Teachers help students connect ecological processes to human benefits by starting with local, visible examples before abstracting to global patterns. Avoid letting the lesson become a vocabulary list; instead, use real case studies where students see the cost of degraded services in dollars or human well-being. Research shows role-play and mapping activities build empathy and spatial reasoning, which support deeper understanding of trade-offs.

Students will move from naming ecosystem services to explaining how specific land cover changes degrade them and why that matters to people. Success shows when they link ecological processes like infiltration to services like water regulation, and when they quantify trade-offs in economic terms.


Watch Out for These Misconceptions

  • During Service Inventory Survey, watch for students who assume all green spaces provide the same benefits without considering differences in biodiversity or soil type.

    During Service Inventory Survey, have students check soil compaction with a simple test and count pollinator species to show that not all green spaces deliver the same regulating or provisioning services.

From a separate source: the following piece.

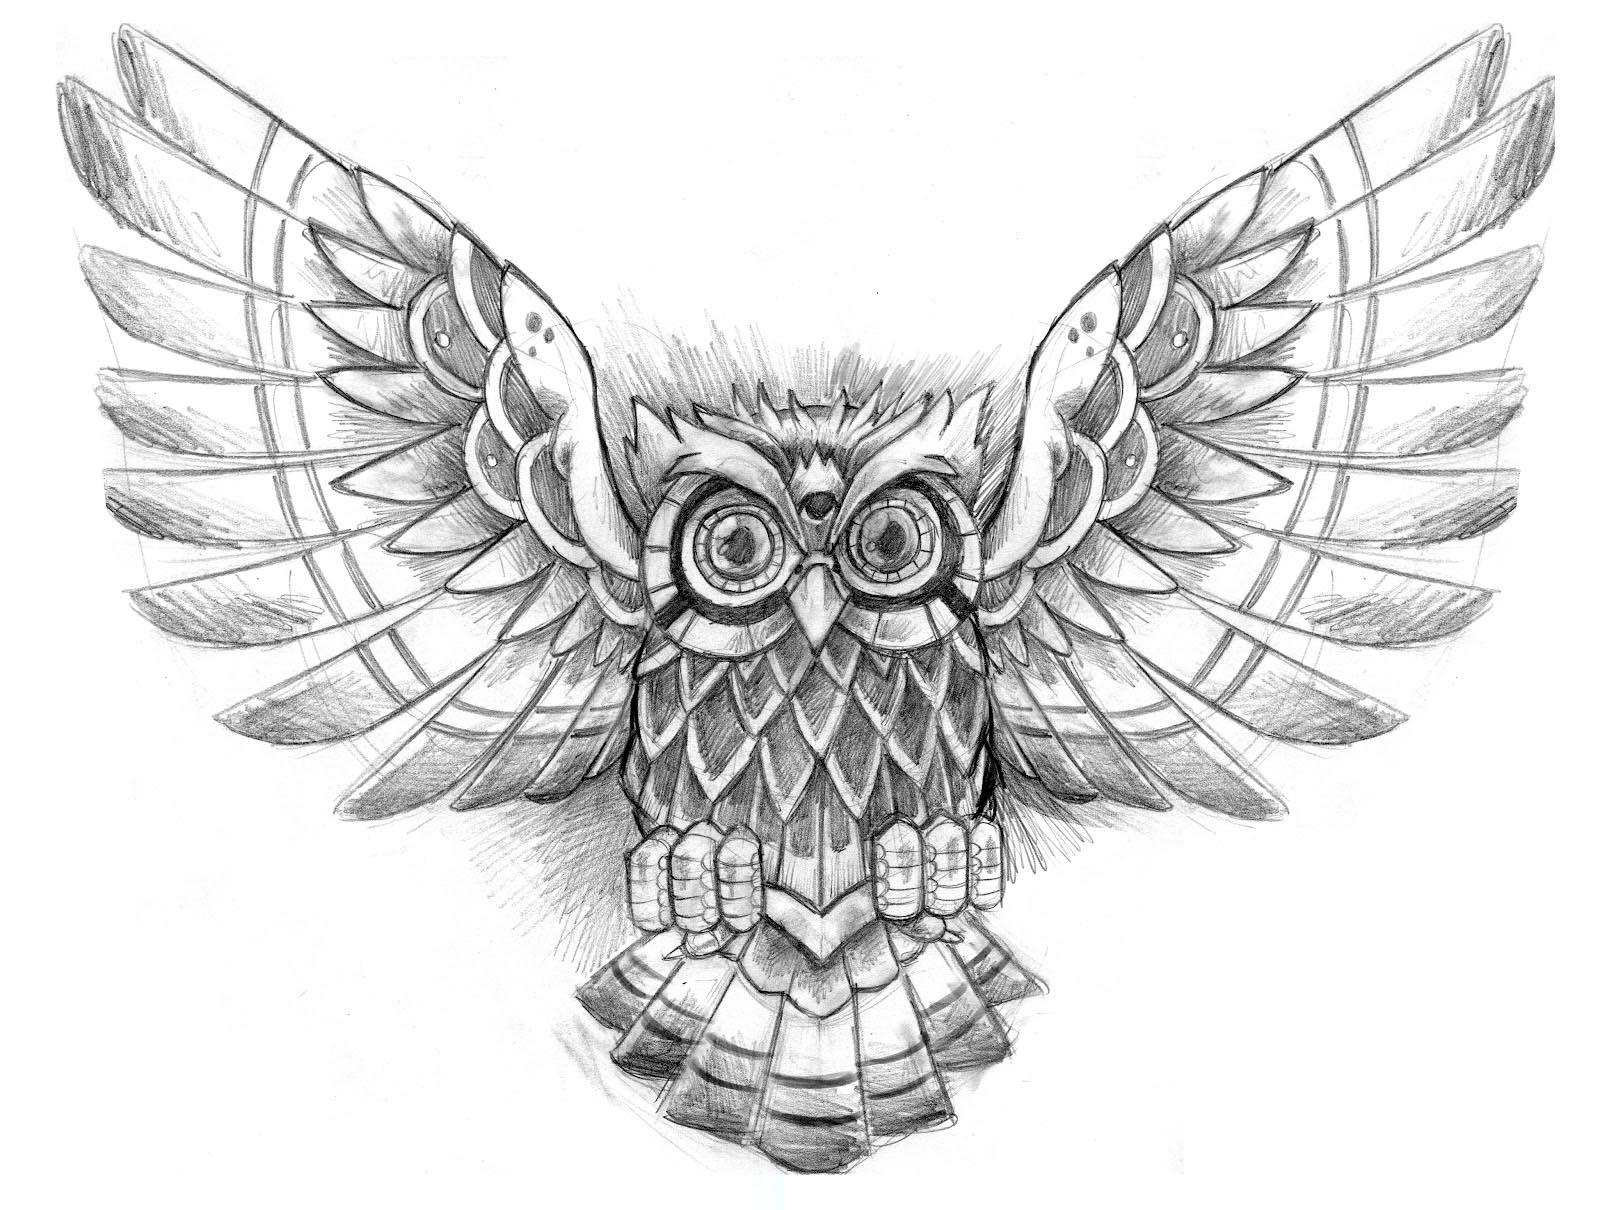 Owl Tattoos Designs Ideas And Meaning   Tattoos For You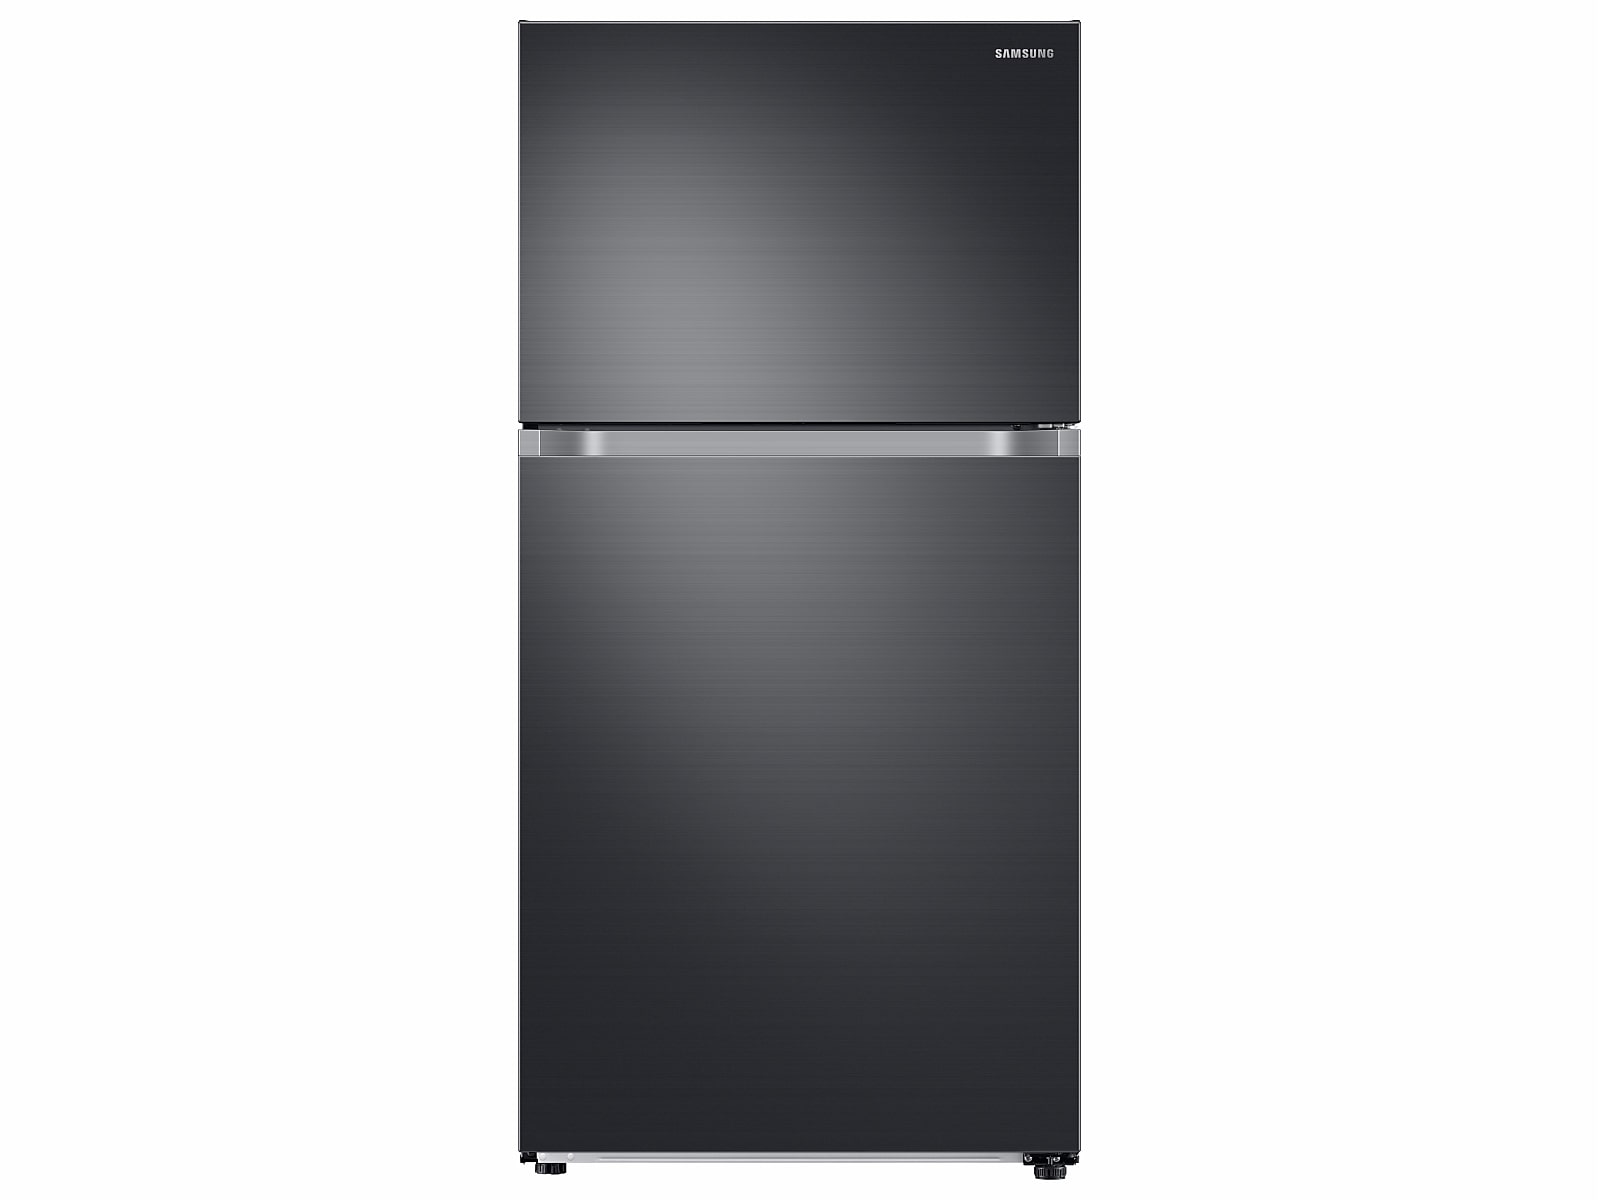 Samsung 21 cu. ft. Top Freezer Refrigerator with FlexZone™ in Black Stainless Steel(RT21M6213SG/AA) photo

  • During Debate: Valuation Role-Play, students may assume that only provisioning services have economic value and overlook regulating services like flood control.

    During Debate: Valuation Role-Play, require each role to attach a dollar value to a specific regulating service in their opening statement, using figures from the provided case studies.

  • During Mapping Activity: Local Ecosystem Services, students might believe that degraded services recover quickly once visible vegetation returns.

    During Mapping Activity: Local Ecosystem Services, overlay a soil quality map on the vegetation layer to show areas where vegetation has returned but soil remains compacted, limiting water infiltration long-term.